* _Data section_:
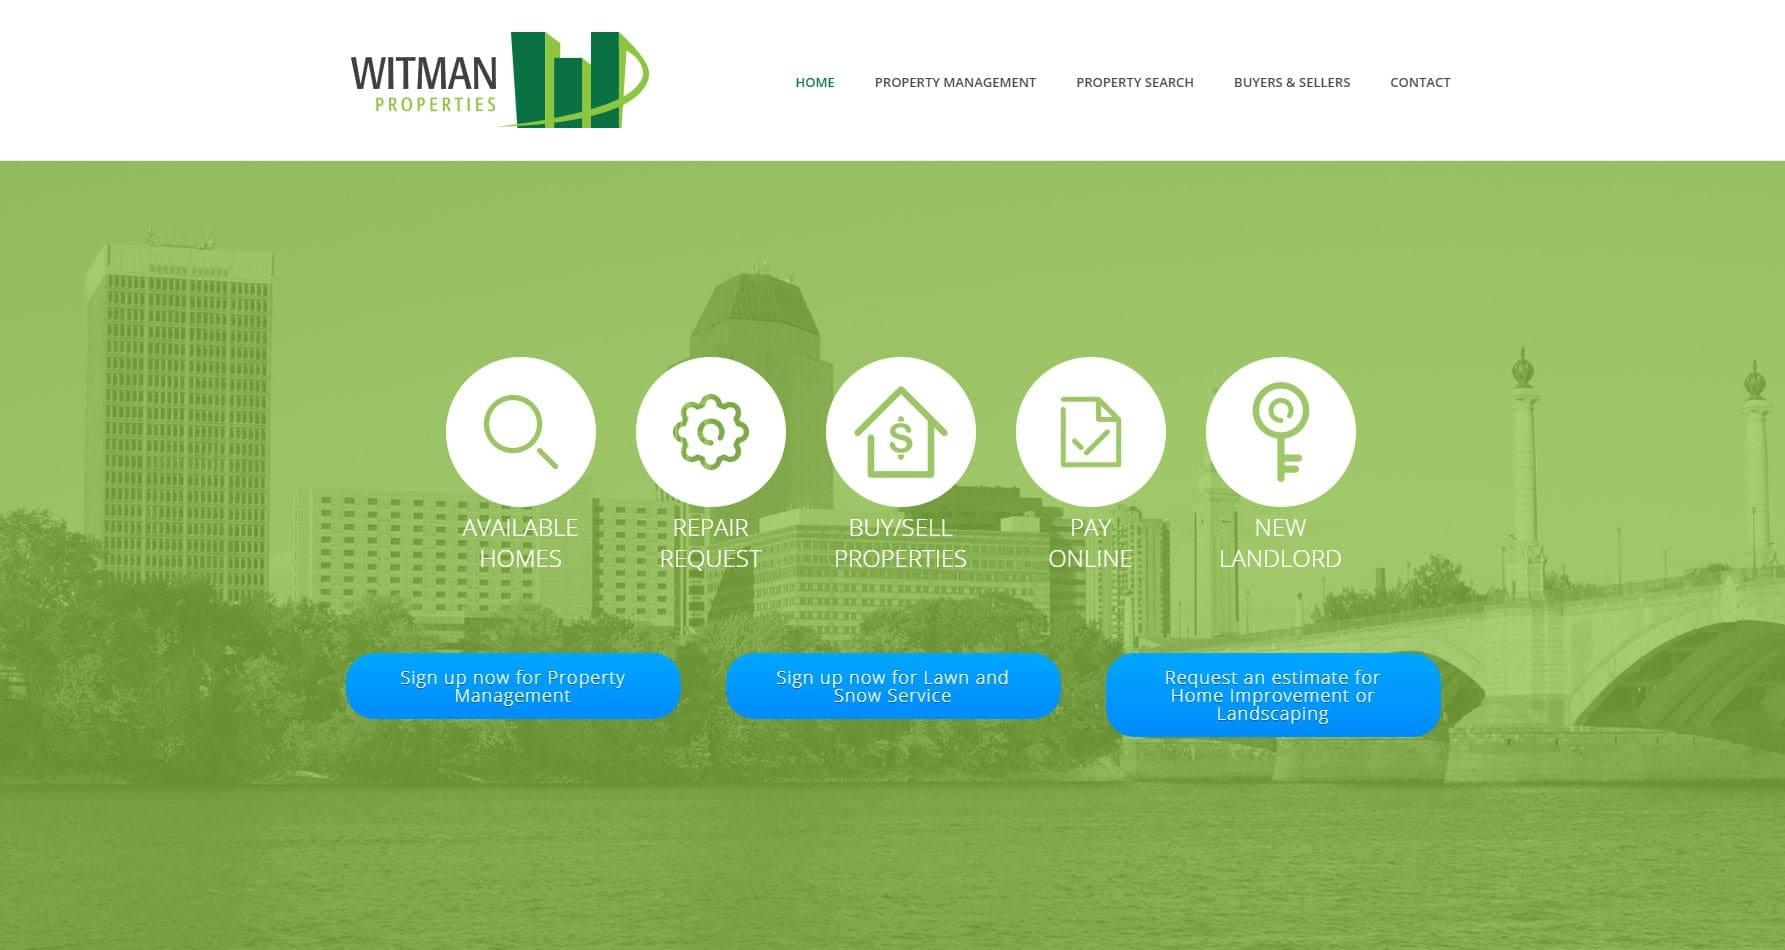 Witman Properties
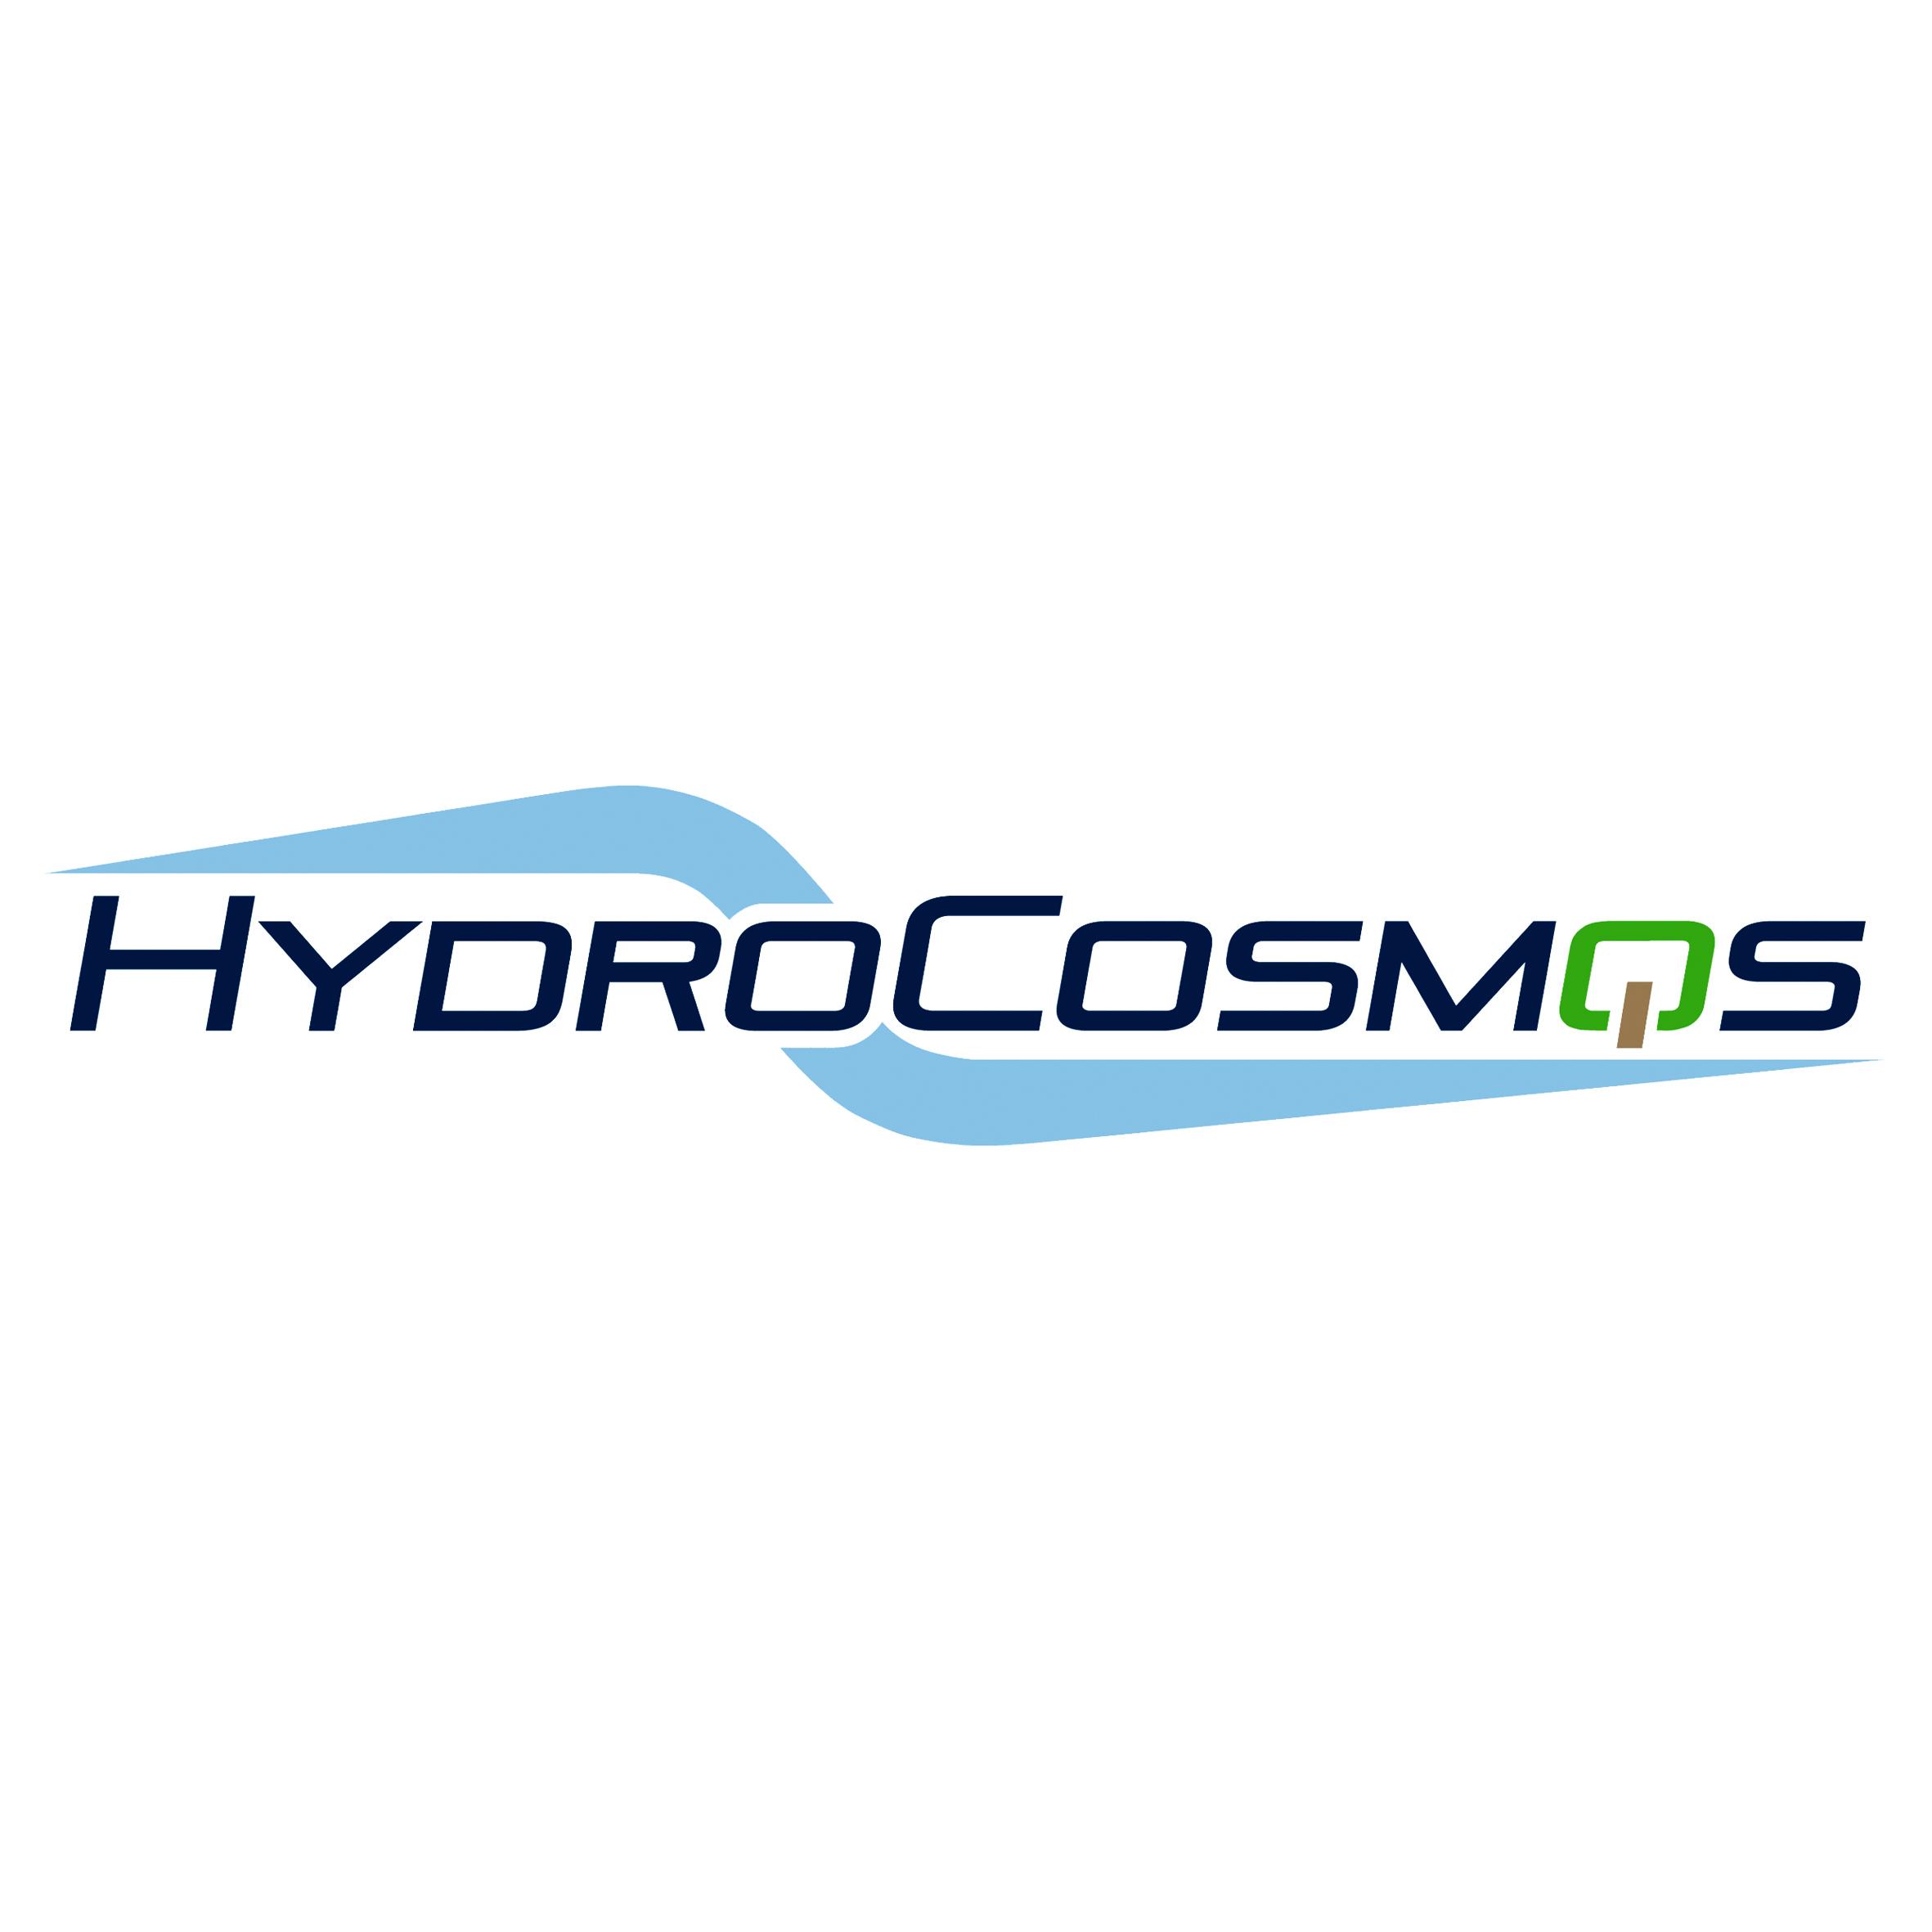 HYDROCOSMOS
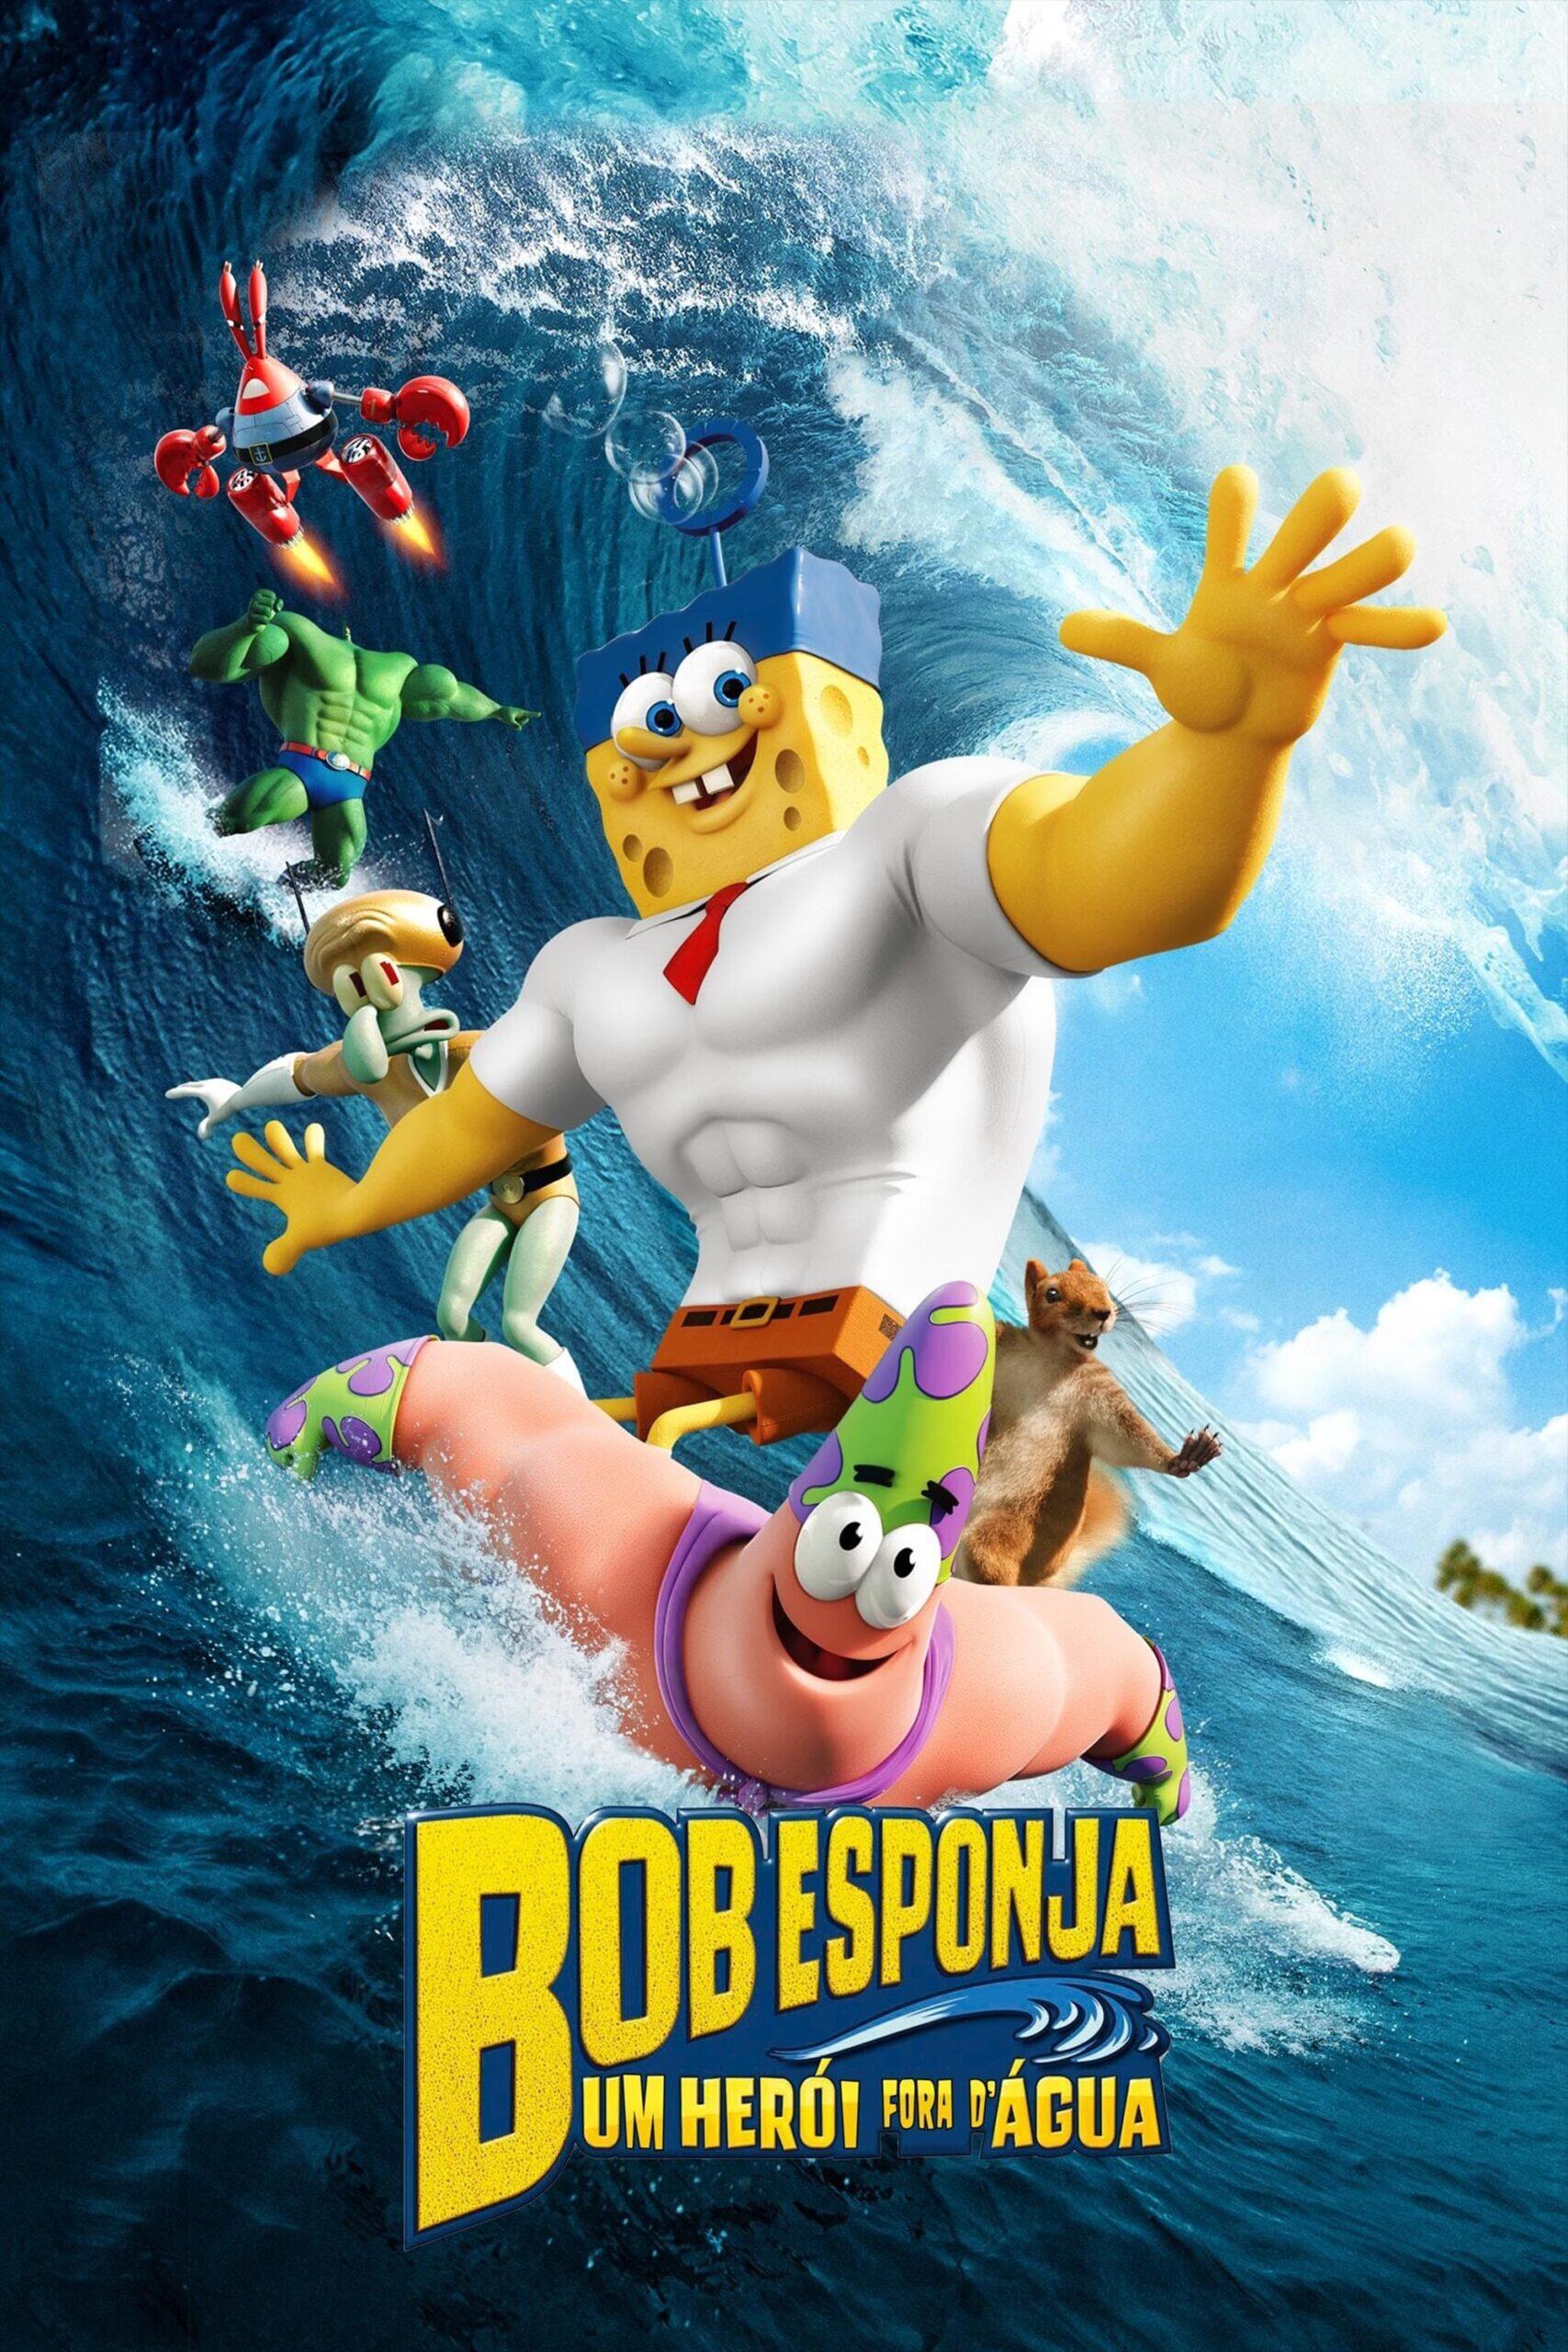 Bob Esponja um herói fora d'água

* _Your objective_:
Give back an exact copy of the material above, omitting the pictures.

* _Answer to the exercise_:
 Witman Properties
 HYDROCOSMOS
 Bob Esponja um herói fora d'água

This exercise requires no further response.